I am not saying that what I'm proposing can be achieved tomorrow. And I am happy to point to ways that what I am talking about might be acheivable (indeed, I have already done this -- I've not offered a complete story, of course). But I suppose I'm not quite clear on what you think is so impossible about what I'm proposing. Unless I'm misunderstanding you, you haven't explained this, beyond saying that it's a big jump from where we are now -- which I don't deny. Again, there's nothing fundamental to our nature as human beings that means we have to send chickens to slaughterhouses. We could relate to animals differently, if that's what we collectively chose to do.

No, preferences are not implied by my talk of interests and welfare. We can talk about welfare/interests without talking about preferences -- or, we can on many theories of welfare. Perhaps you're drawn to a preference-satisfaction theory of welfare, according to which welfare and preferences are inherently linked. But that's not the only theory of welfare. I'm not committed to a preference-based account of welfare, though I am open to it.

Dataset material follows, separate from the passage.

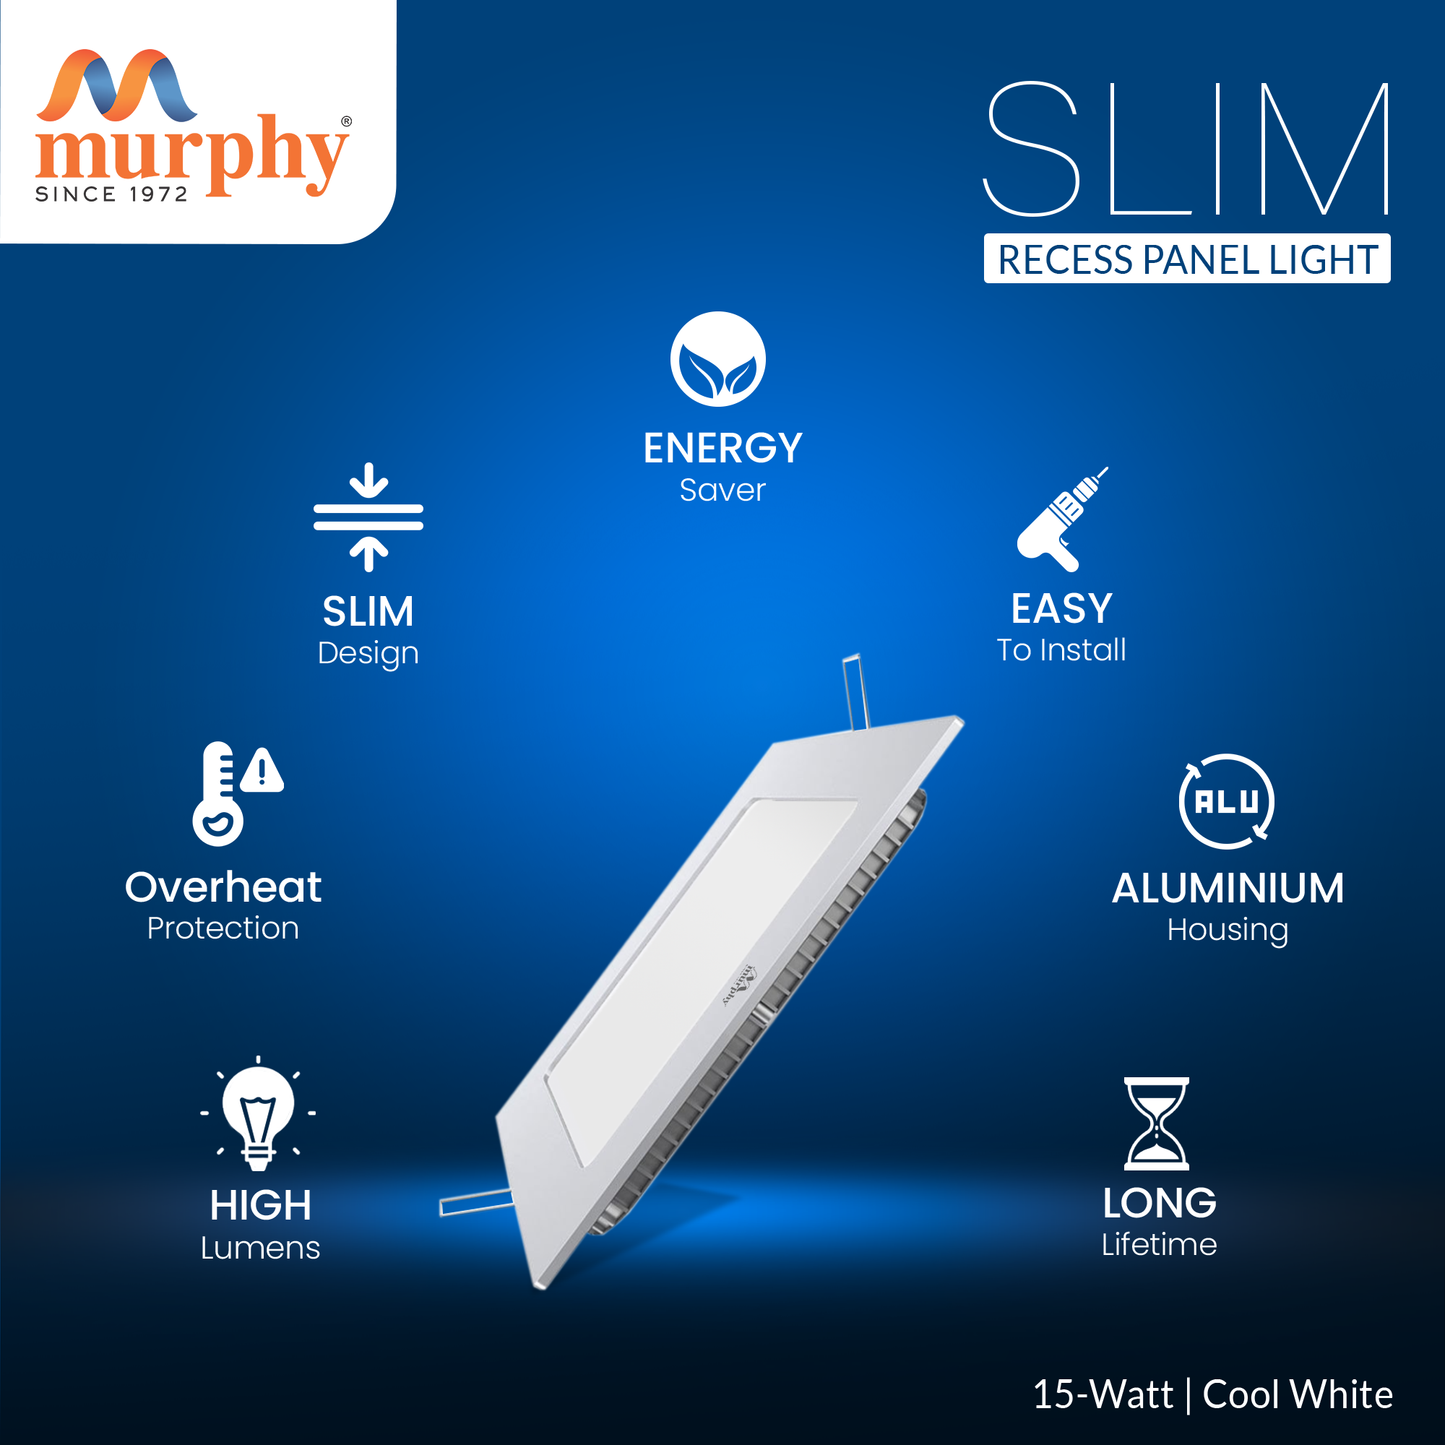 Murphy 15W Slim Square Recess Panel Light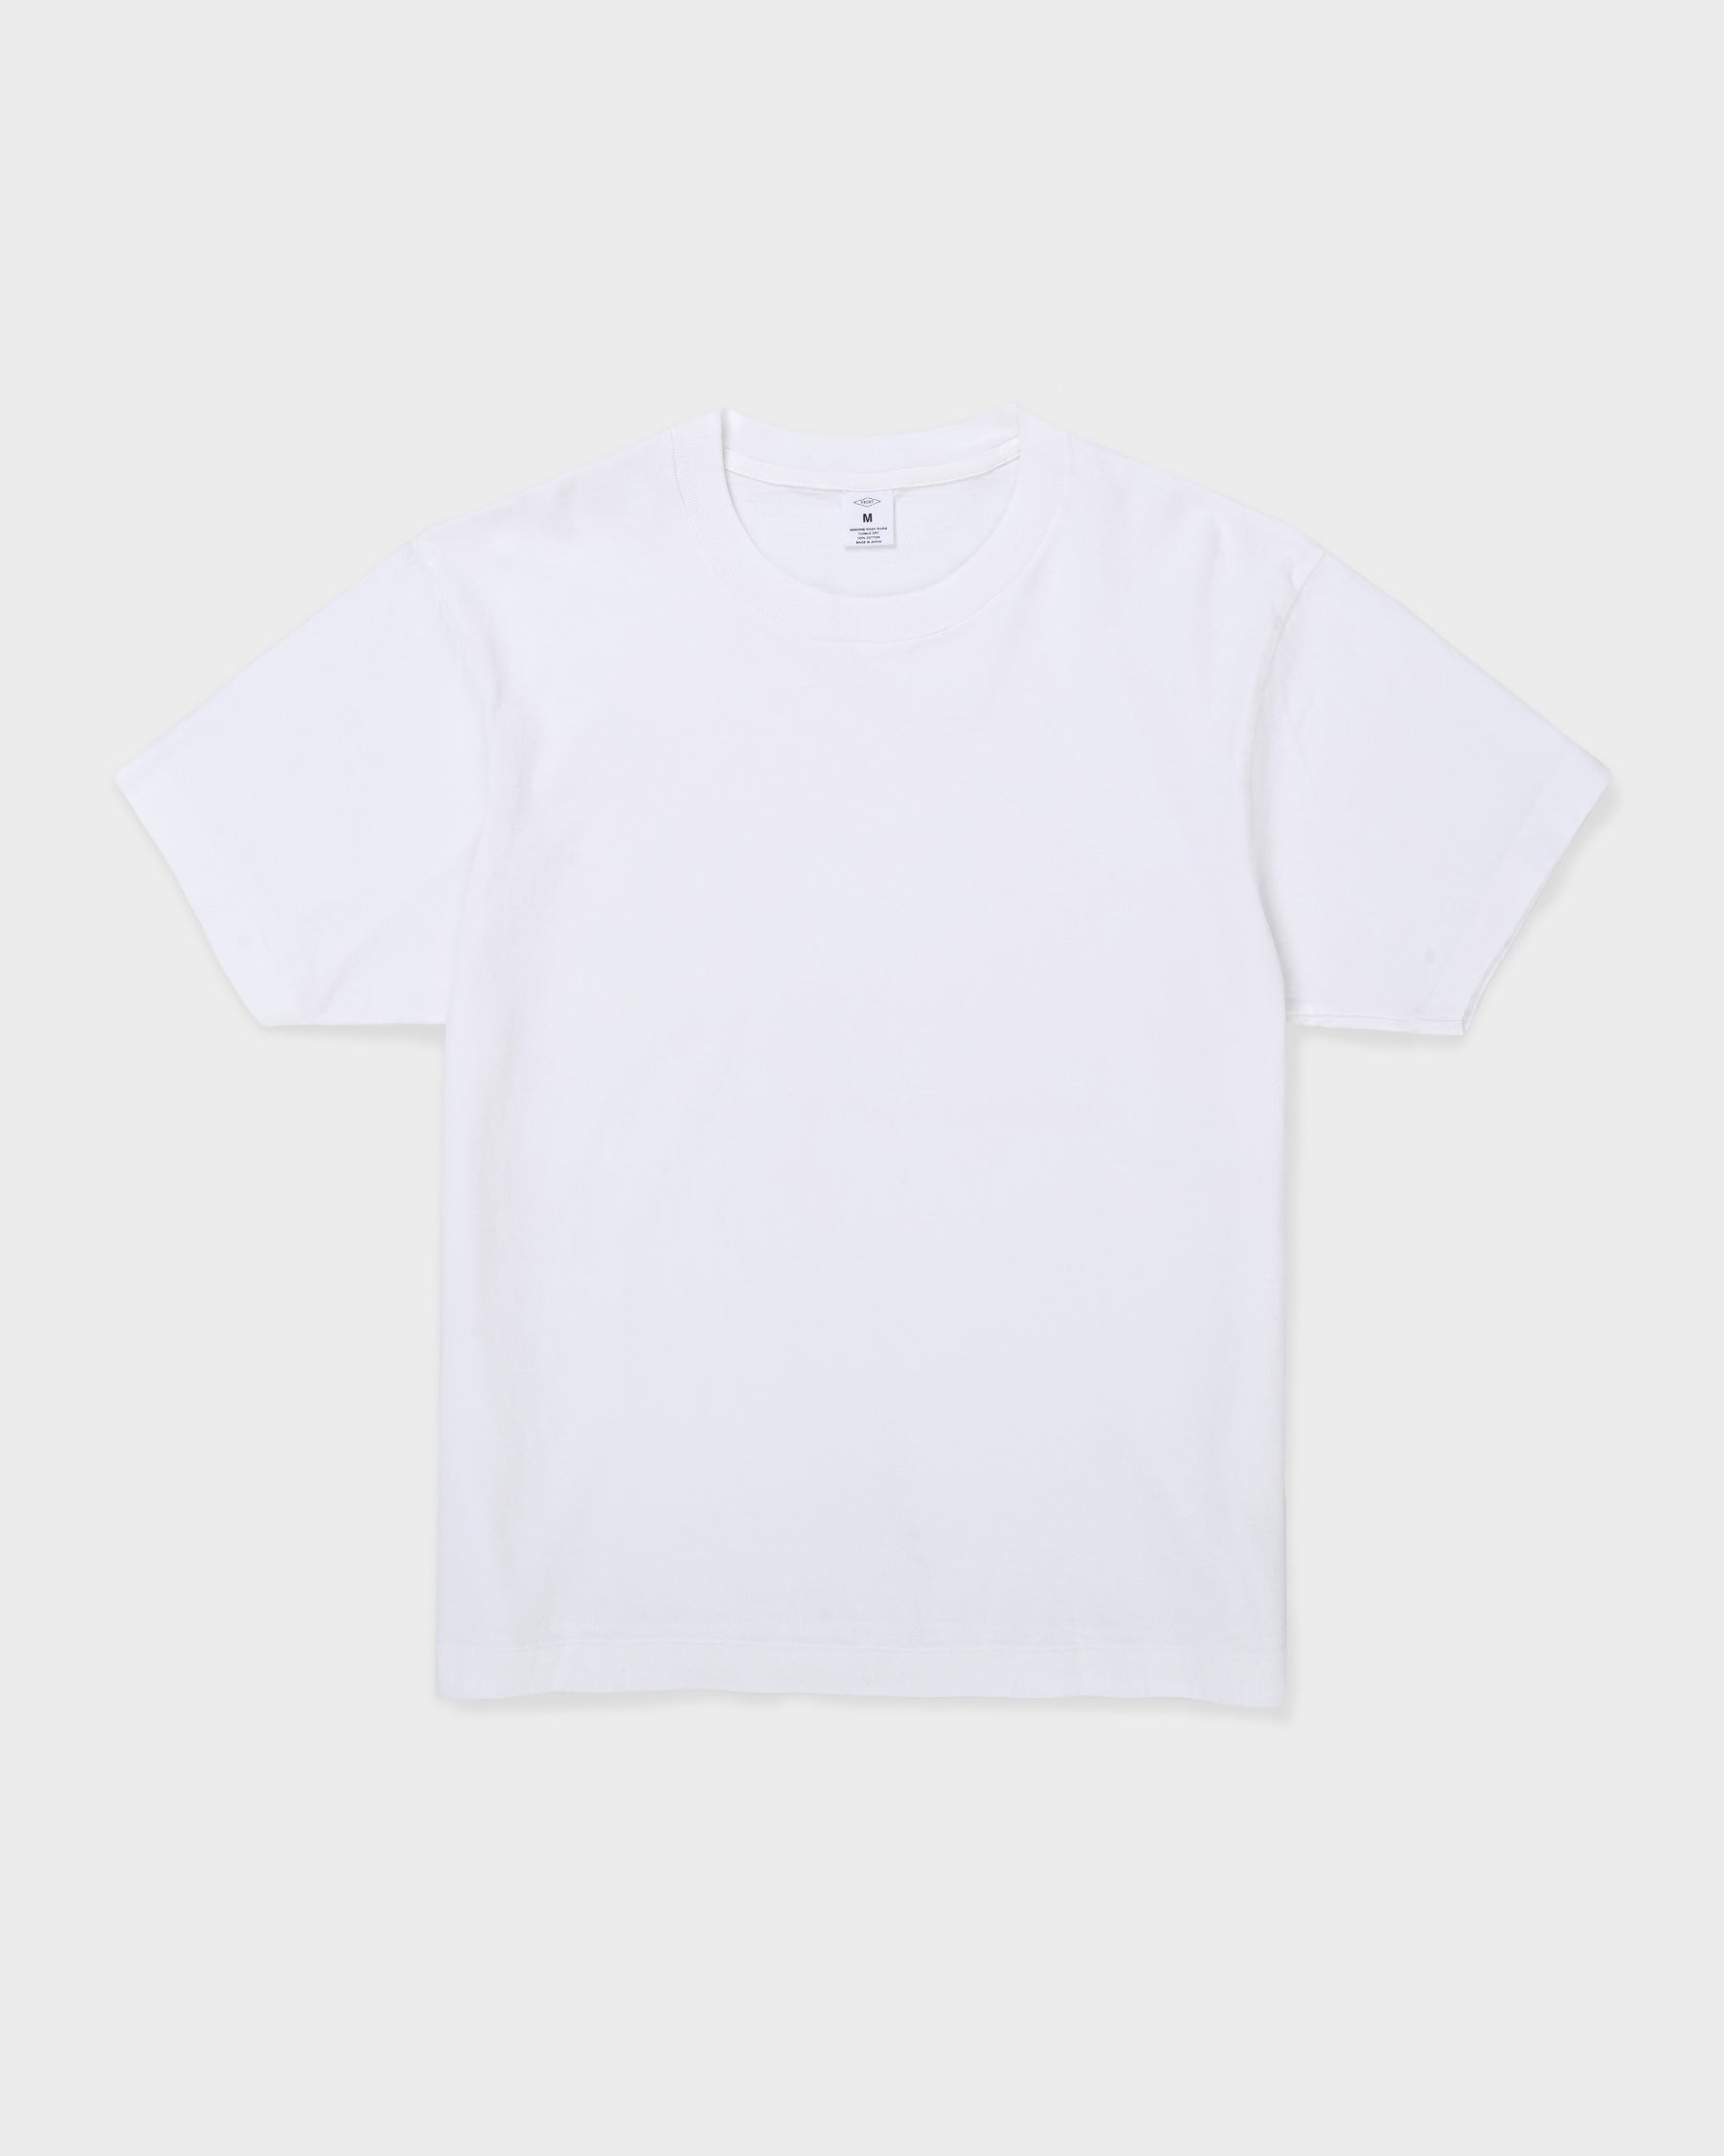 Soft T-shirts No-Pocket White T-shirts

On democracy: Ok, so we are in agreement that my use of contested concepts doesn't undermine my argument. We agree that we can build political principles (indeed, whole political systems) on ideas that are contested and not fully clear. But now your worry is that I'm arguing for a paradigm shift based on something the very existence of which is contested. That's correct. But that's no different to arguing for a political system based on human rights. After all, lots of people -- including perfectly decent people with coherent, defensible moral and political theories -- reject the idea of human rights.